И был прав. Если говорить о рациональности, эффективности и последовательности, то Заноза у Франсуа мог еще и поучиться. Отличное приобретение! Лучшего вложения крови и придумать нельзя.
Гордиться сравнением со Слугой было противоестественно, но Заноза все равно почувствовал себя польщенным. К тому же, сравнивать вампира со Слугой тоже не очень нормально, а Хасан сравнил, и при всем своем ретроградстве, не увидел в этом ничего плохого. Понятно, что кому бы рассуждать о норме, но не им двоим, однако между тем, чтобы нарушать традиции внутри стаи, и нарушать традиции в отношении… отношения к Слугам, все-таки, есть разница.
— Мы как-то странно воспринимаем Франсуа, — констатировал Заноза, обдумав ситуацию.

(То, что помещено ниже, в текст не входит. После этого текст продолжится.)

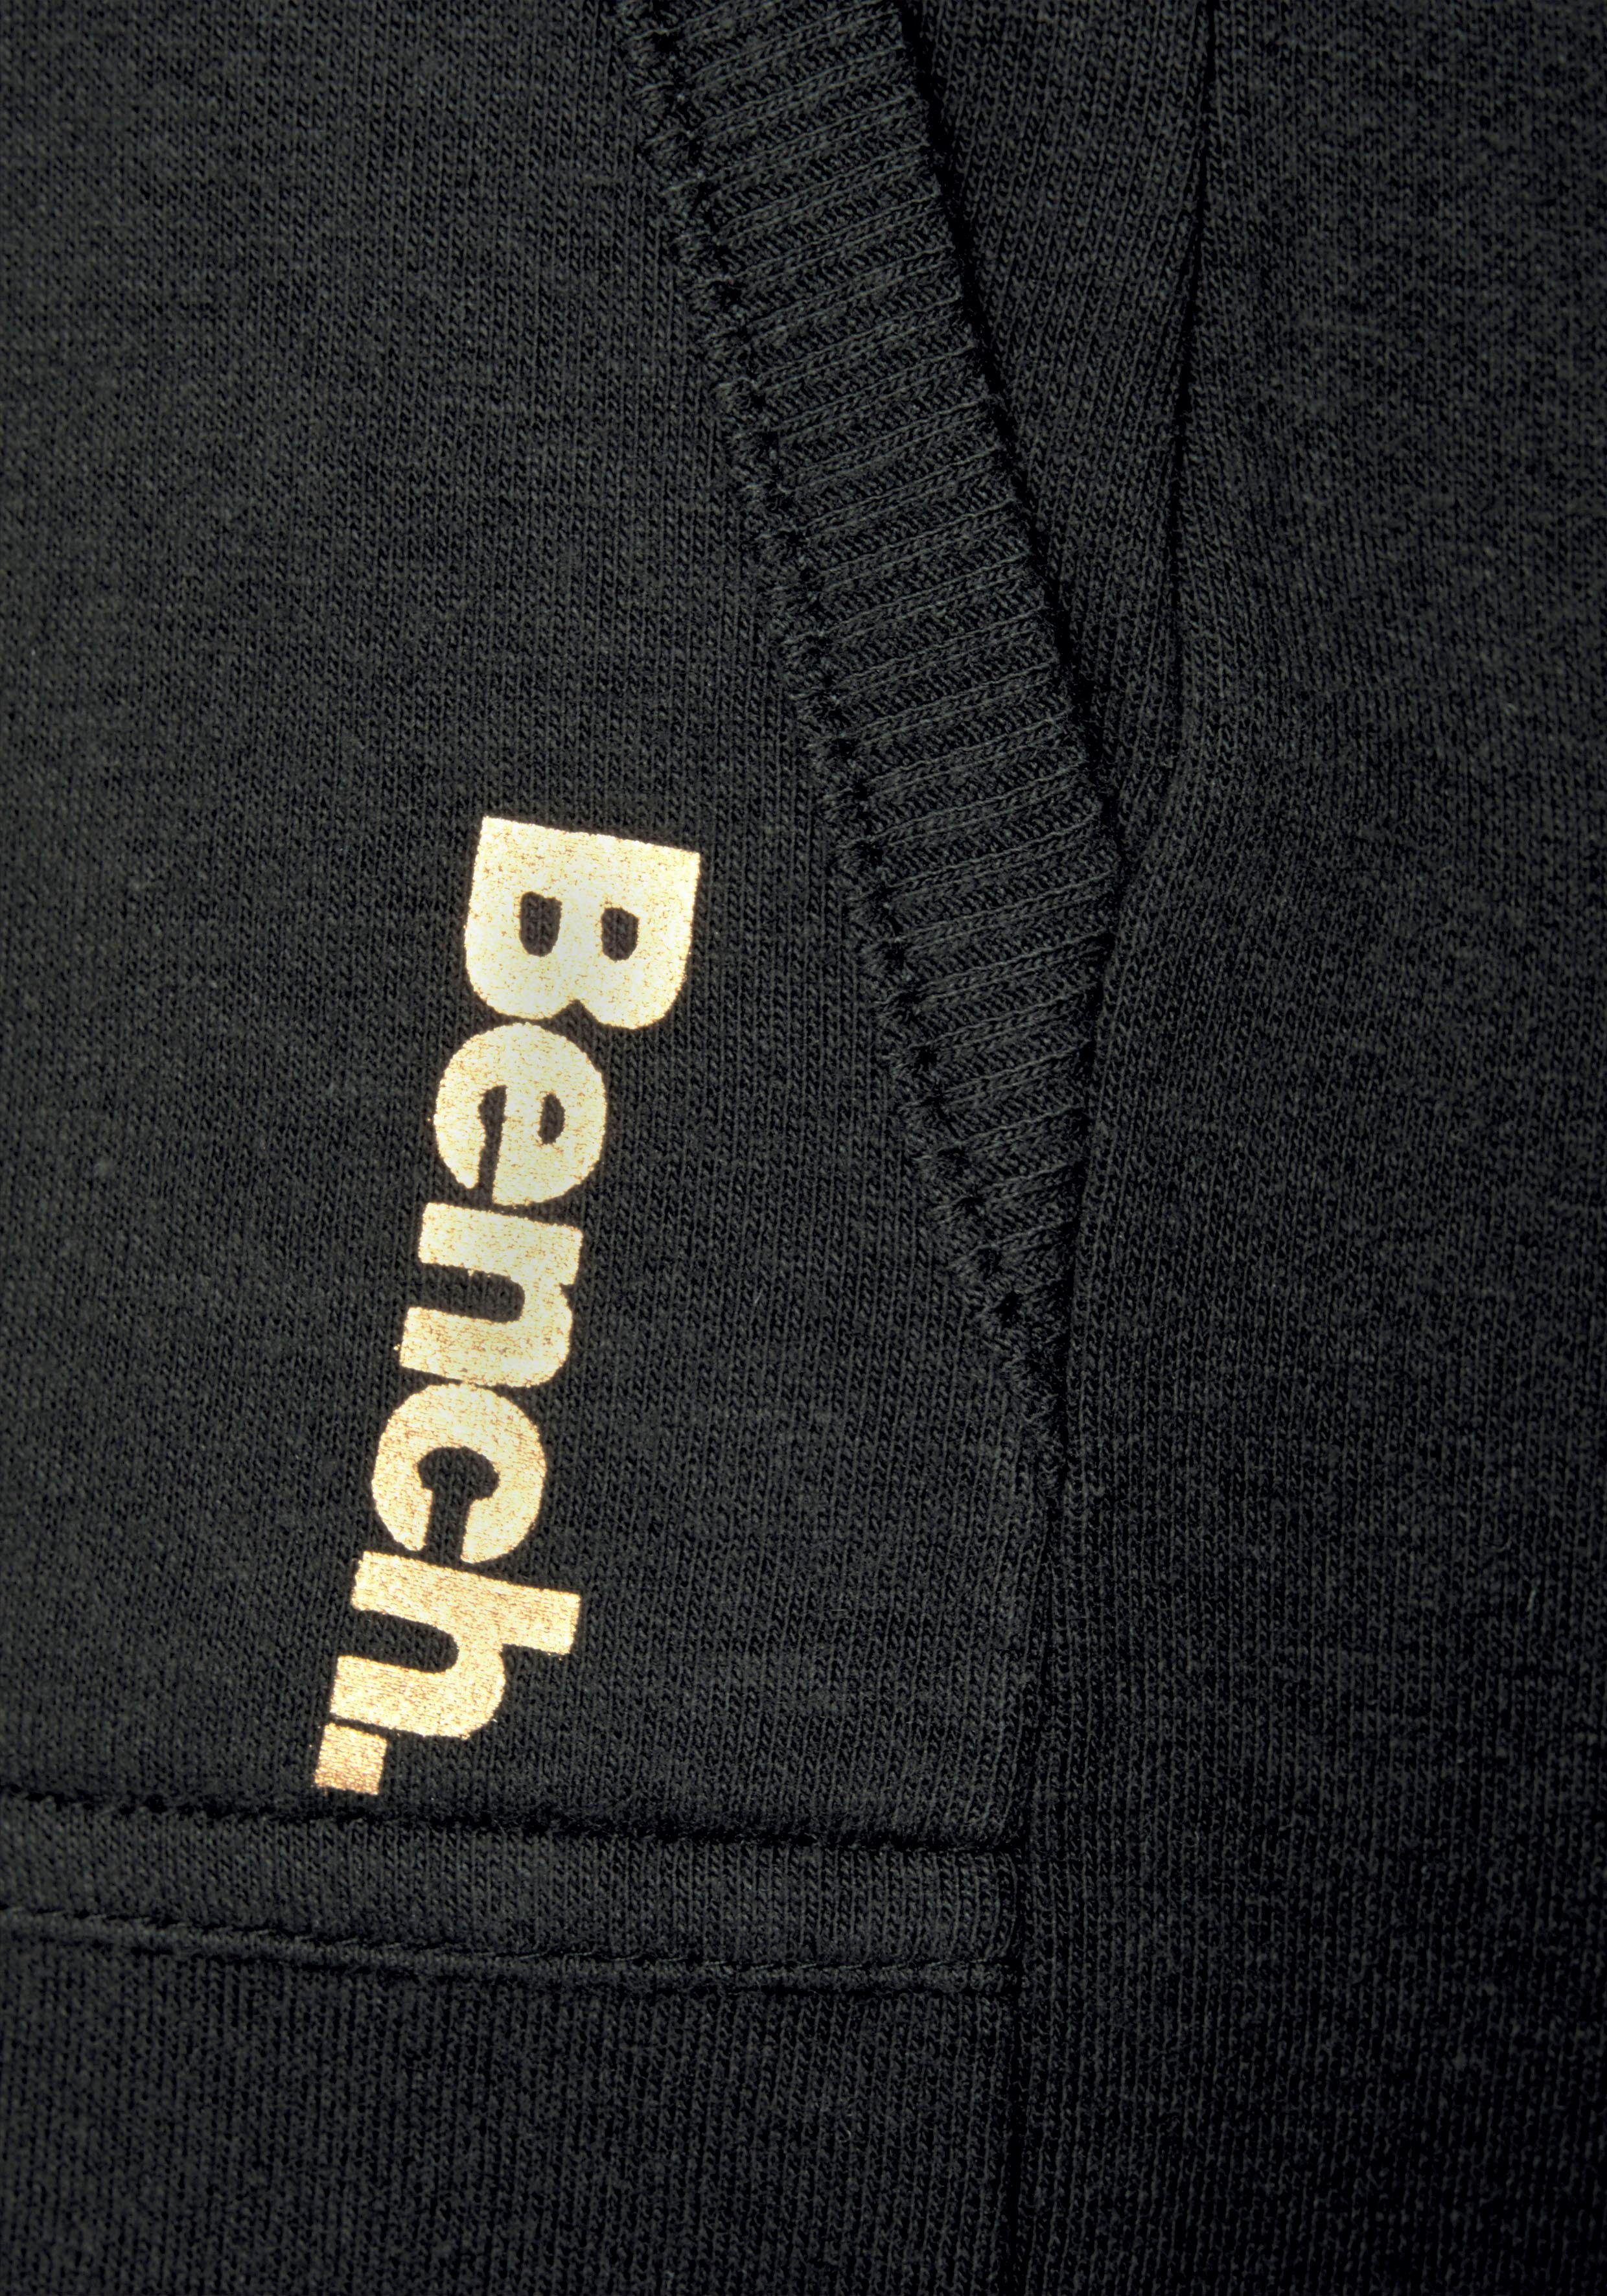 Beinsäumen seitlichen und -kurze Bench. Loungewear schwarz aufgeschlagenen Taschen Sweathose mit Bermudas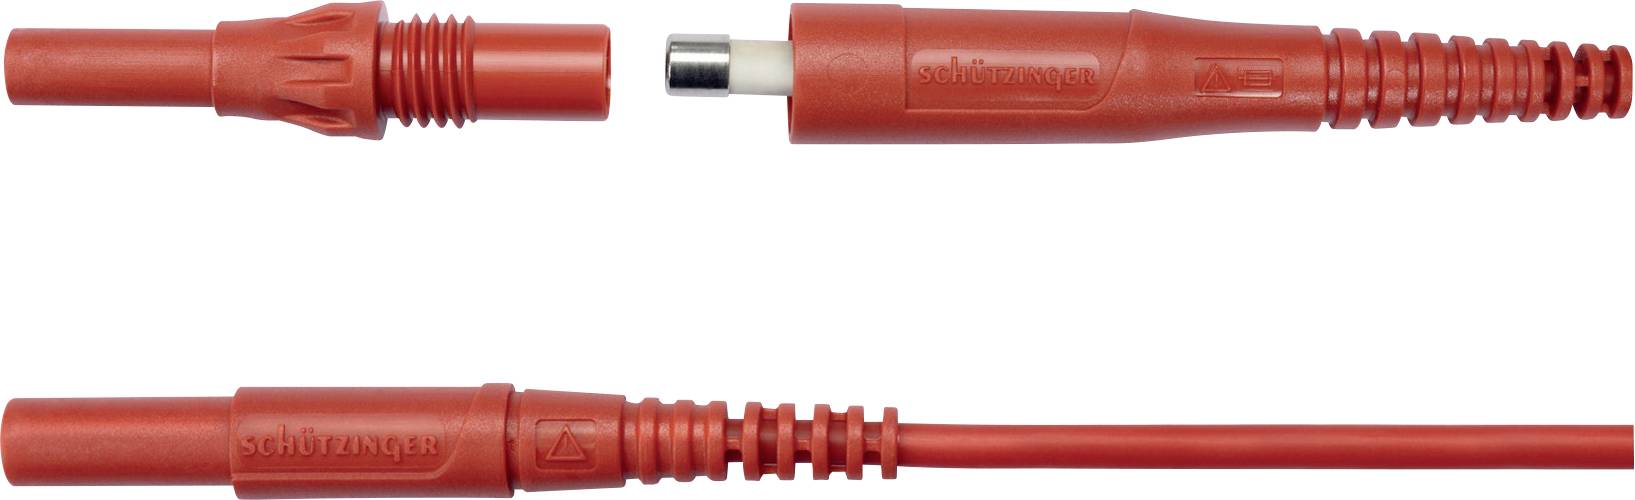 SCHÜTZINGER SET 7685 / MSFK B441 / 0.5A Messleitungs-Set [Stecker 4 mm - Stecker 4 mm] 5 St.

И тут же решил, что нифига не странно. Точно так же Хасан относился к собственным Слугам. Нет, не как к равным, это уж точно было бы противоестественно, но как к тем, кто умеет и знает — каждый в своей области — больше, чем он.
— Почему? Что в них особенного? В твоих парнях и в моем Франсуа? — сформулировать вопрос можно было и более внятно, если уж претендовать на эффективность, рациональность и последовательность, но Хасан понял.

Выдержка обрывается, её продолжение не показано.